Data for this task:

━━━━━━━━

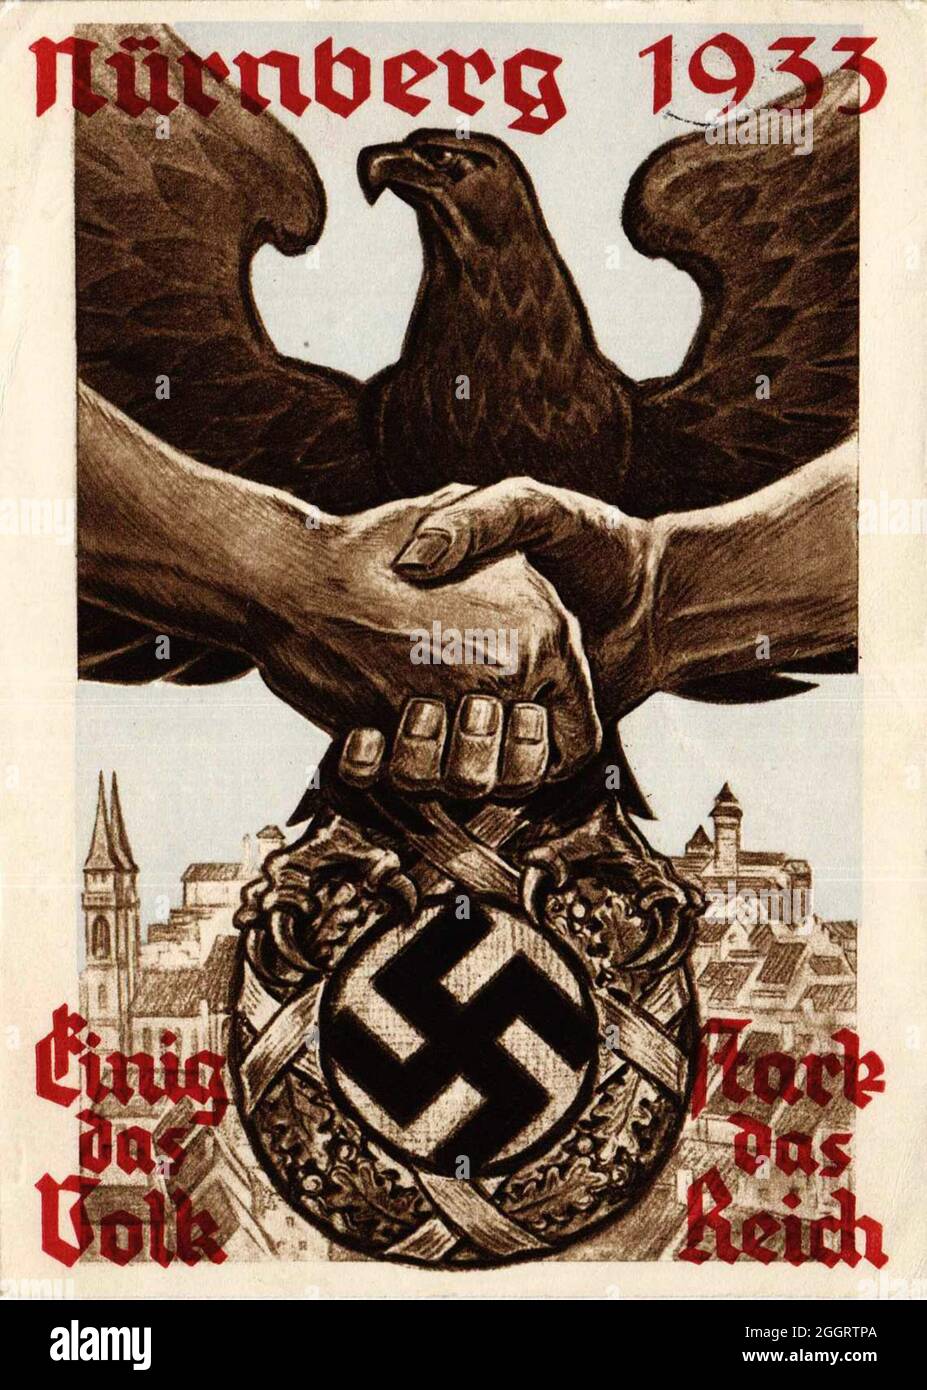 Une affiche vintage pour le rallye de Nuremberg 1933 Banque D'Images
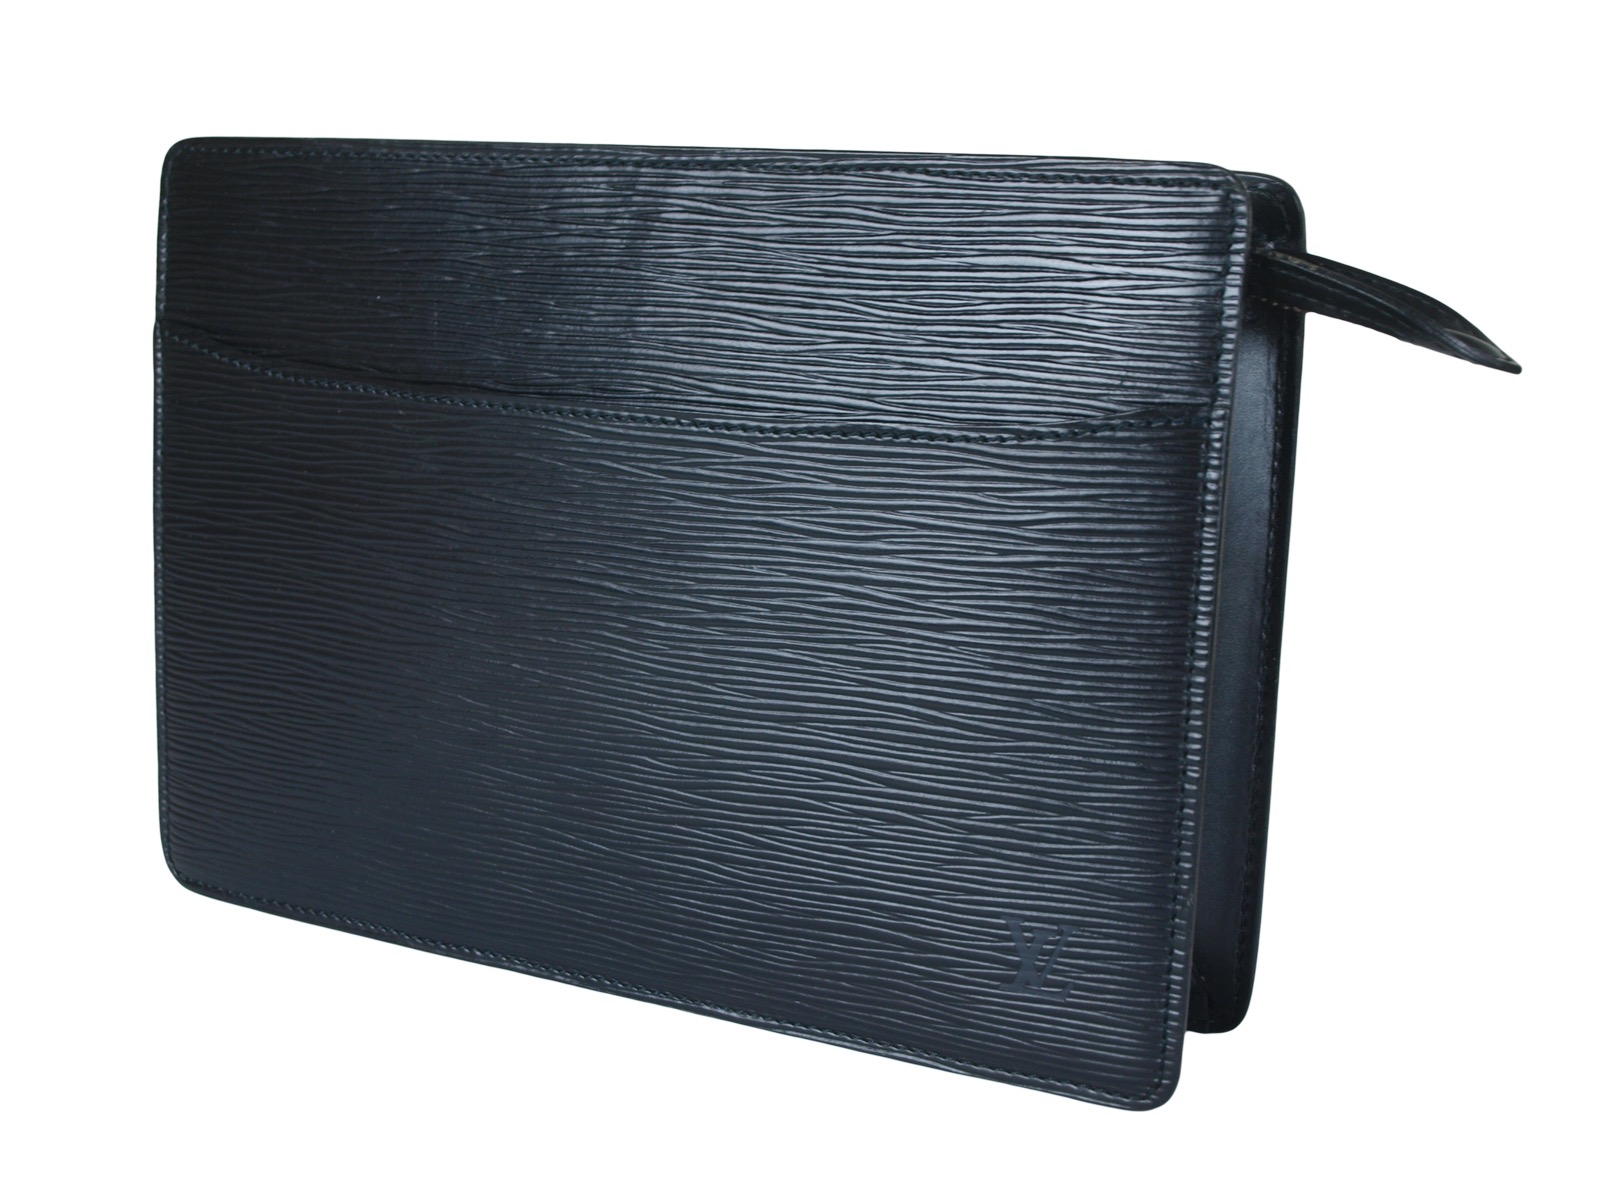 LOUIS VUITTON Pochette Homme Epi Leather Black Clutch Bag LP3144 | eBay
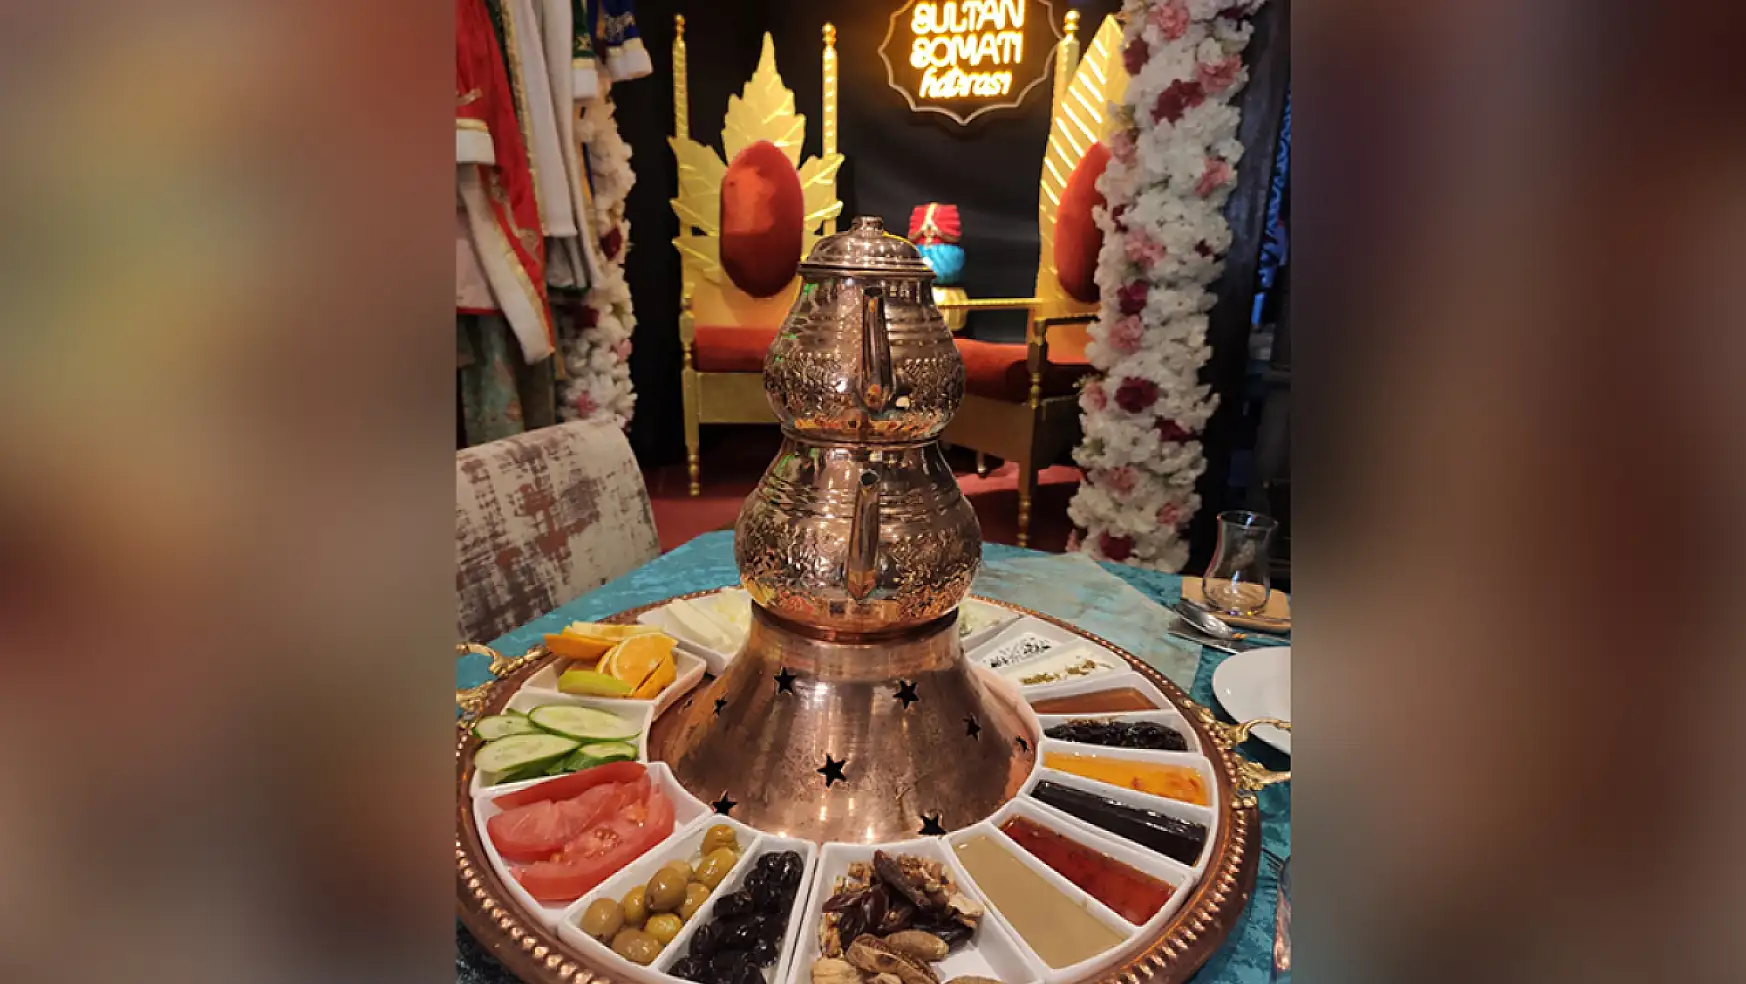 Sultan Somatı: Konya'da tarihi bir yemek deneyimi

━━━━━━━━

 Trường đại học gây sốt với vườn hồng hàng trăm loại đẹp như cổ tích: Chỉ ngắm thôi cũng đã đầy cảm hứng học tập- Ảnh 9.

━━━━━━━━

Your objective: The copy should hold exactly the lines above from the one with "Une affiche vintage" through the one with "Sultan Somatı: Konya'da", both ends counted, and no pictures at all.

Worked solution:
 Une affiche vintage pour le rallye de Nuremberg 1933 Banque D'Images
 LOUIS VUITTON Pochette Homme Epi Leather Black Clutch Bag LP3144 | eBay
 Sultan Somatı: Konya'da tarihi bir yemek deneyimi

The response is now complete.